|Date: ||Mon, 8 Dec 2008 11:49:34 -0800|
|Reply-To: ||Steve James <spj1@CDC.GOV>|
|Sender: ||"SAS(r) Discussion" <SAS-L@LISTSERV.UGA.EDU>|
|From: ||Steve James <spj1@CDC.GOV>|
|Subject: ||Re: error:out of mempry|
|Content-Type: ||text/plain; charset=ISO-8859-1|
In addition to the Hash object, you might try creating a format of all
the valid record identifiers and using that to identify the records
you want. I came across the following code last week and it was fresh
in my mind.
create table eventfmt as
put(event_id,6.) as start format=$6.
,"event" as fmtname
,"yes" as label format=$6.
insert into eventfmt set start='other' ,
fmtname="event" ,label='not' ;
proc format cntlin=eventfmt;
/* grab all records for event_id's */
data merged ;
set duplicates(where=(put(event_id,event.) = 'yes'));
On Dec 8, 3:21 am, rams <rameshg...@gmail.com> wrote:
> Hi all,
> I have a dataset comprising of around 200 Million records. These
> records contain duplicates. I have another dataset with around 500K
> unique records.
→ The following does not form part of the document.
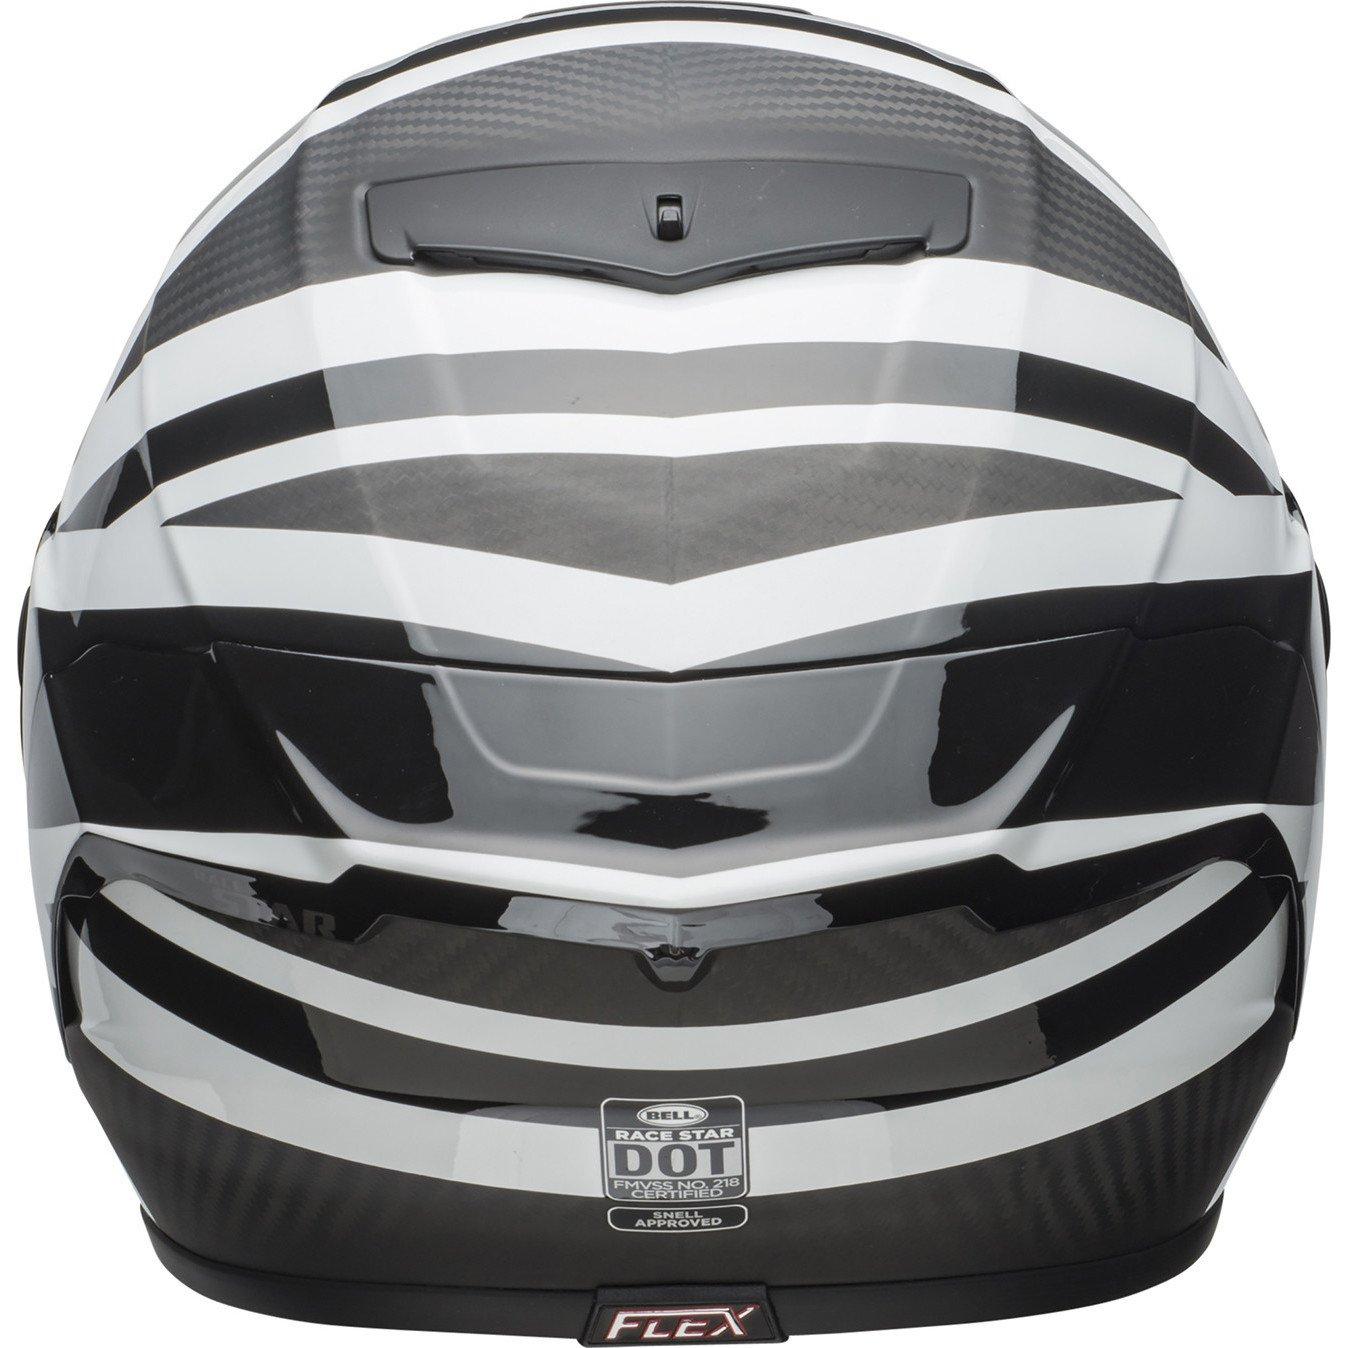 BELL Race Star Ace Cafe Blackjack Motorcycle Helmet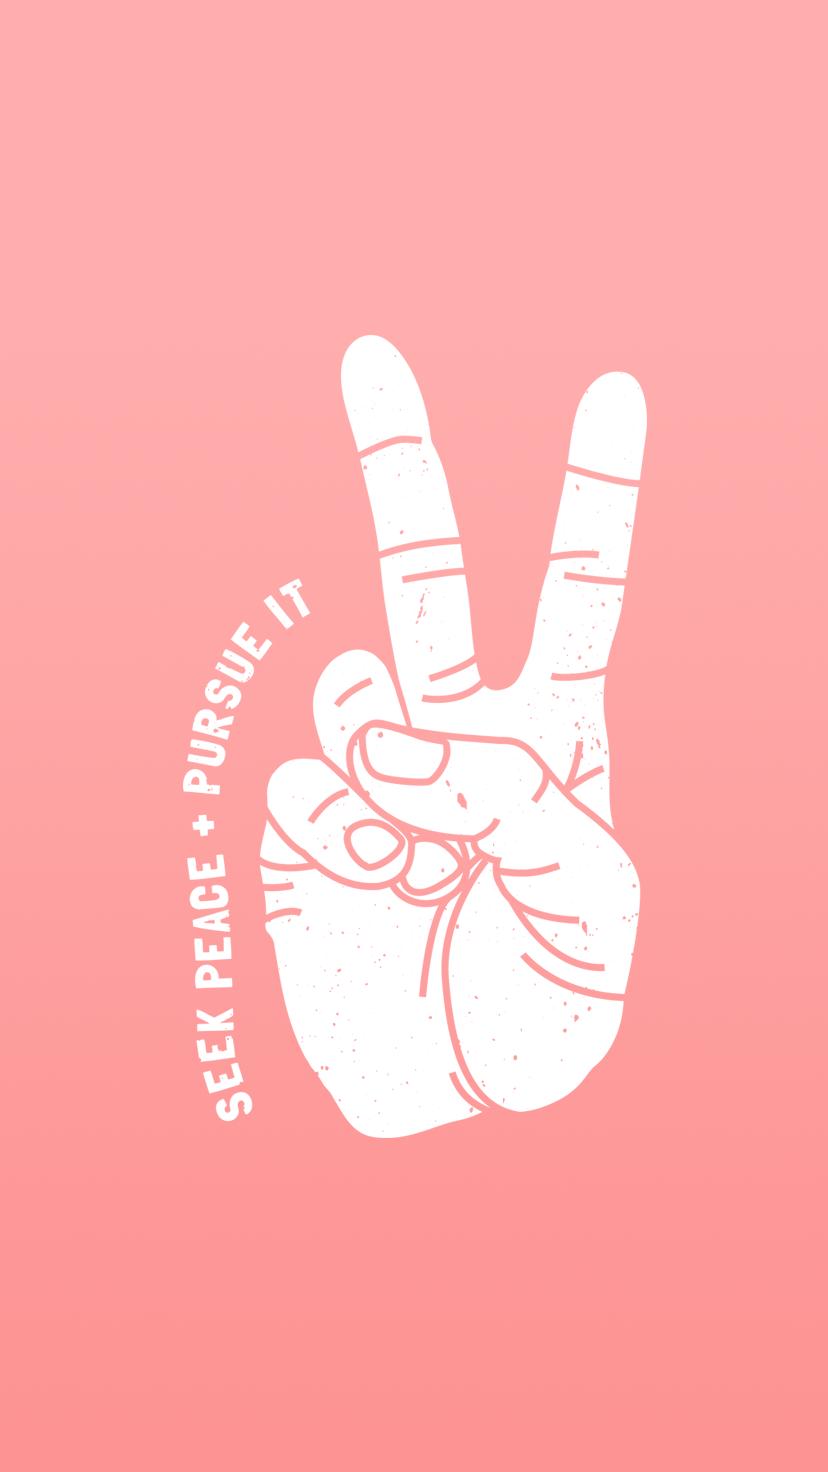 Seek-Peace-Phone-Wallpaper.png

Now, I have to create a new dataset by merging these
> two datasets and get the match of these 500K unique records from the
> 200Million records in other dataset.
> Solutions I tried my self are :
> 1. Proc Sql + Left join - failed after running for around 4 hours with
> Out Of Memory issue.
> PROC SQL; CREATE TABLE MERGED AS
> SELECT *
> FROM firstdataset AS A LEFT JOIN VISITS AS B
> ON A.HRN=B.CHART
> 2. Used proc sort and sas data step merge statement. Again failed
> aftert 4 hours apporx with OOM error.
> Ramesh G